Welkin Health started out offering a digital therapeutic for diabetes. But the company found that a number of companies trying to create digital therapeutics were lacking a tool that allowed them to comprehensively coordinate relationships with a large group of patients.

“What we observed over the past couple of years is the software people were using behind the scenes to create patient services was pretty bad,” Hensel told MobiHealthNews. “And that’s true in diabetes but also true in a lot of other situations as well. Historically what we found was all of these companies making digital therapeutics, what they ended up building was basically a CRM [(customer relationship management platform)] behind the scenes, because they didn’t have a good platform for patient service. So we realized that and started basically selling our software to those folks to help them make those platforms.”

The problem with CRMs and ticketing systems is they aren’t designed for healthcare and can’t be easily reconfigured on a workflow level, Hensel explained.

“Your tool for data entry is the ticket, but then you need to tie into some communications system like call center software, like email, or plug some sort of API to go into an app,” he said. “And then you need a bunch of custom business logic outside of the ticketing tool and outside of communications software that says ‘Hey I haven’t heard from this patient in two weeks. Maybe I should think about giving them a call.’ So you end up with a Frankenstein or like a Rube Goldberg machine to try to get this software working.”

Welkin combines the rules engine and the patient management into a single highly configurable program. The company works with vendors like Lyra Health and Neurotrack, the occasional managed care organization like the Community Health Center Network, and some large pharmaceutical companies.

Hensel says the funding will be used to make the software even more versatile, so that, for instance, it can be used to A/B test different ways of reaching out to patients. It will also be used to expand the team (the company grew from 17 to 31 employees this year) and expand sales and marketing efforts. He expects the number of companies that benefit from Welkin’s offering will only grow.

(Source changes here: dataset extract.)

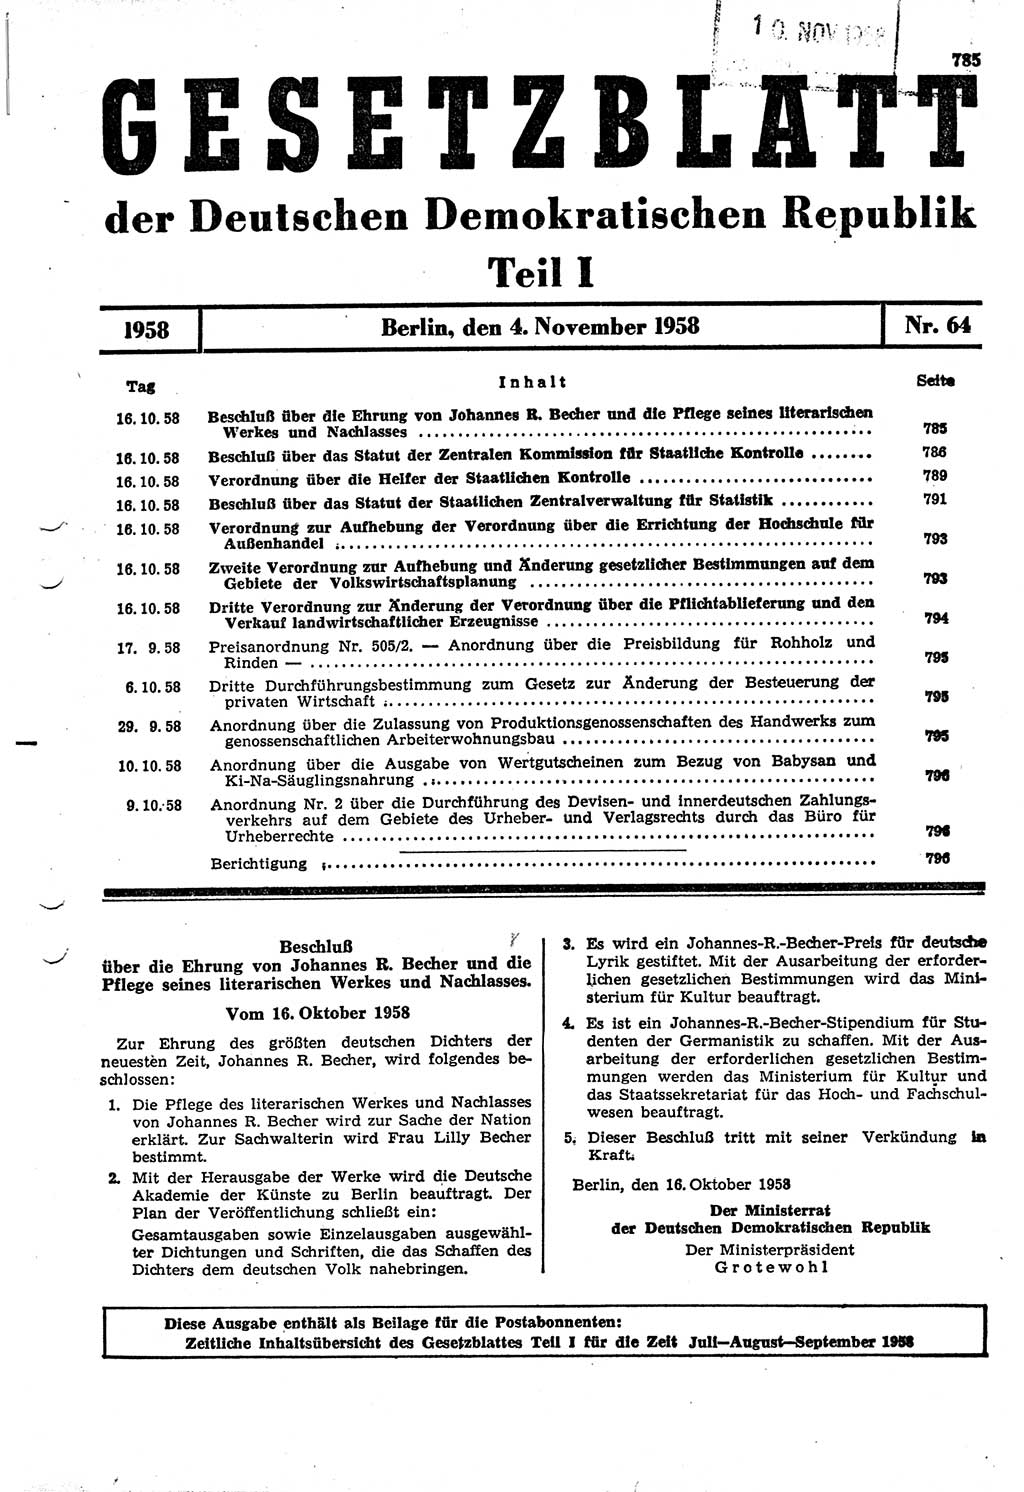 Gesetzblatt (GBl.) der Deutschen Demokratischen Republik (DDR) Teil Ⅰ 1958, Seite 785 (GBl. DDR Ⅰ 1958, S. 785)

“I think the reason why all this is happening right now is just there is this increase in focus on trying to reduce waste in the system and create actual value-based care based on outcomes,” he said. “And what this means is that people who didn’t use to think of themselves this way are becoming service providers somehow. Your average device manufacturer is all of a sudden thinking that it’s really important to track real-world outcomes because they need to have better accountability as they’re selling their products and getting formulary apps up.”